Supplied records:
○ ○ ○ ○

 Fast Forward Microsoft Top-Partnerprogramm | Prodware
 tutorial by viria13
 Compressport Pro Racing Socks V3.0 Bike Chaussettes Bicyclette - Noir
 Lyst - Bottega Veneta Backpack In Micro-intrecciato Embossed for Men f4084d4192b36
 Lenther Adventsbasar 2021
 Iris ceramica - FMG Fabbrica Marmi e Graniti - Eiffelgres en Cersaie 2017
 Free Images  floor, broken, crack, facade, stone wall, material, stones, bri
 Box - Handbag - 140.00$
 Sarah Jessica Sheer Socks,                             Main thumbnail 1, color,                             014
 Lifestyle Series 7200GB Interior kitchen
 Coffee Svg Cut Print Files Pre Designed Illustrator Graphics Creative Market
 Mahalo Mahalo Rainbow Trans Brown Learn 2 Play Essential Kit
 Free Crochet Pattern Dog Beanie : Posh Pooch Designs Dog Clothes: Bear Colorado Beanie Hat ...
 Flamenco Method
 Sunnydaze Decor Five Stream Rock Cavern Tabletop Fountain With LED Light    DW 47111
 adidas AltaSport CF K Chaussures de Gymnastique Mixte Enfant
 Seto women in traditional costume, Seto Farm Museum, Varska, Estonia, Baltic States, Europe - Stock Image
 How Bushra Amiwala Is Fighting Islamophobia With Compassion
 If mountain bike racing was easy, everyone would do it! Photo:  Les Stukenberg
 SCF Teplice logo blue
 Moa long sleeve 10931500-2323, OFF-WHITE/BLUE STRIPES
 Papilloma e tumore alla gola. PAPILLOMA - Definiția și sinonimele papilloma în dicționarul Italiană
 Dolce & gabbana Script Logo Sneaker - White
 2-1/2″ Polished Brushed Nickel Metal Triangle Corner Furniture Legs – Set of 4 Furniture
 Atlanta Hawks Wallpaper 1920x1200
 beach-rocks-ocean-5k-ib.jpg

○ ○ ○ ○

Task description: Write the records out again. Each one must match exactly.

Answer for this exercise:
 Fast Forward Microsoft Top-Partnerprogramm | Prodware
 tutorial by viria13
 Compressport Pro Racing Socks V3.0 Bike Chaussettes Bicyclette - Noir
 Lyst - Bottega Veneta Backpack In Micro-intrecciato Embossed for Men f4084d4192b36
 Lenther Adventsbasar 2021
 Iris ceramica - FMG Fabbrica Marmi e Graniti - Eiffelgres en Cersaie 2017
 Free Images  floor, broken, crack, facade, stone wall, material, stones, bri
 Box - Handbag - 140.00$
 Sarah Jessica Sheer Socks,                             Main thumbnail 1, color,                             014
 Lifestyle Series 7200GB Interior kitchen
 Coffee Svg Cut Print Files Pre Designed Illustrator Graphics Creative Market
 Mahalo Mahalo Rainbow Trans Brown Learn 2 Play Essential Kit
 Free Crochet Pattern Dog Beanie : Posh Pooch Designs Dog Clothes: Bear Colorado Beanie Hat ...
 Flamenco Method
 Sunnydaze Decor Five Stream Rock Cavern Tabletop Fountain With LED Light    DW 47111
 adidas AltaSport CF K Chaussures de Gymnastique Mixte Enfant
 Seto women in traditional costume, Seto Farm Museum, Varska, Estonia, Baltic States, Europe - Stock Image
 How Bushra Amiwala Is Fighting Islamophobia With Compassion
 If mountain bike racing was easy, everyone would do it! Photo:  Les Stukenberg
 SCF Teplice logo blue
 Moa long sleeve 10931500-2323, OFF-WHITE/BLUE STRIPES
 Papilloma e tumore alla gola. PAPILLOMA - Definiția și sinonimele papilloma în dicționarul Italiană
 Dolce & gabbana Script Logo Sneaker - White
 2-1/2″ Polished Brushed Nickel Metal Triangle Corner Furniture Legs – Set of 4 Furniture
 Atlanta Hawks Wallpaper 1920x1200
 beach-rocks-ocean-5k-ib.jpg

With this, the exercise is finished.